In [1]:
import pandas as pd
import numpy as np
import scipy.stats
import statsmodels.stats.multitest
import operator




def wrap_ttest(df, label_column, comparison_columns=None, alpha=.05, return_all=False, correction_method='bonferroni', mincount=3, pval_return_corrected=True):
    try:
        '''Verify precondition that label column exists and has exactly 2 unique values'''
        label_values = df[label_column].unique()
        if len(label_values) != 2:
            print("Incorrectly Formatted Dataframe! Label column must have exactly 2 unique values.")
            return None
        
        '''Partition dataframe into two sets, one for each of the two unique values from the label column'''
        partition1 = df.loc[df[label_column] == label_values[0]]
        partition2 = df.loc[df[label_column] == label_values[1]]

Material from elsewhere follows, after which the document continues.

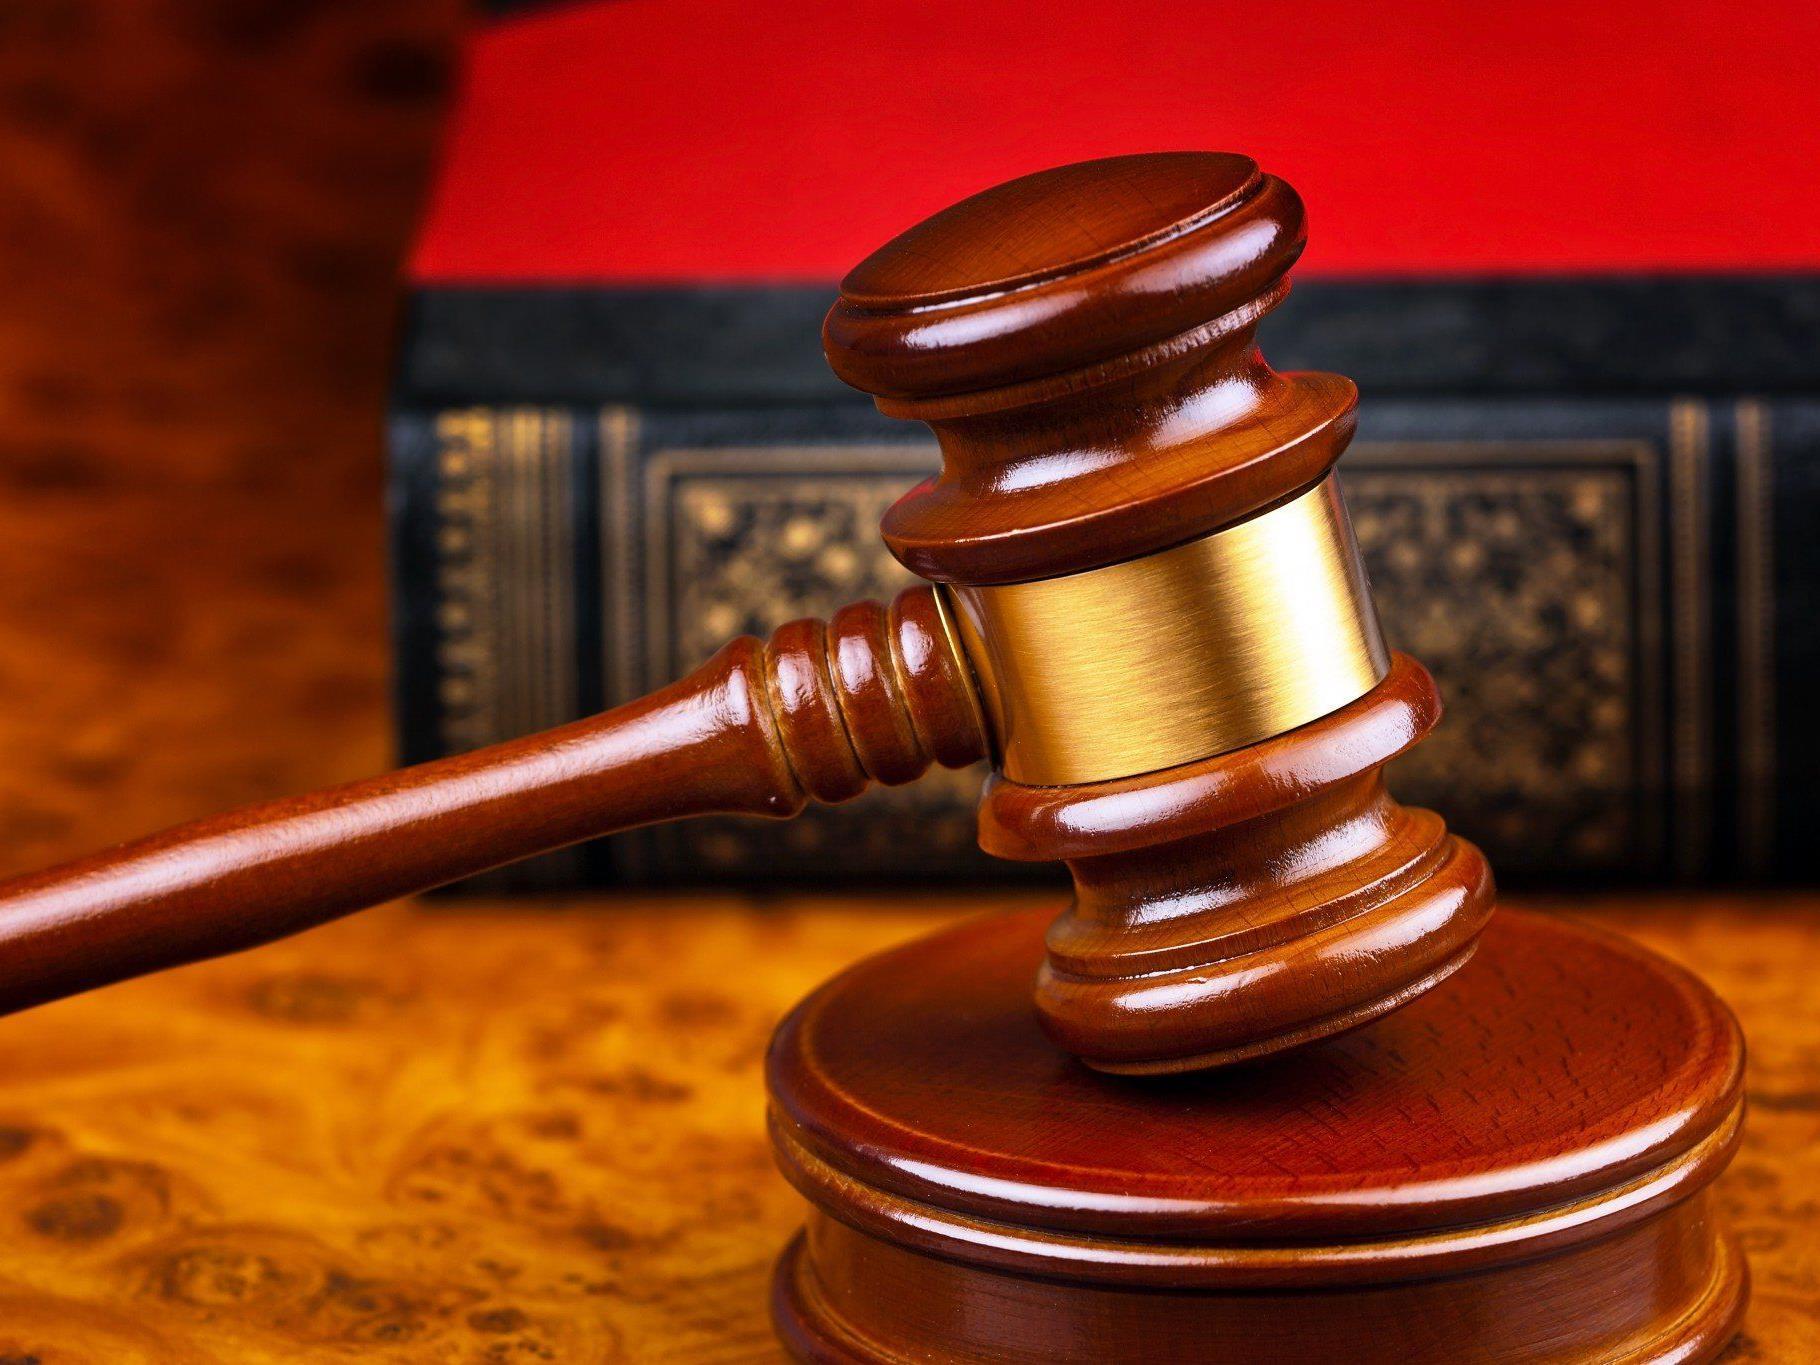 Gericht beruft sich auf Grundsatz der Trennung von Kirche und Staat.

        '''If no comparison columns specified, use all columns except the specified labed column'''
        if not comparison_columns:
            comparison_columns = list(df.columns)
            comparison_columns.remove(label_column)

        '''Determine the number of real valued columns on which we will do t-tests'''
        number_of_comparisons = len(comparison_columns)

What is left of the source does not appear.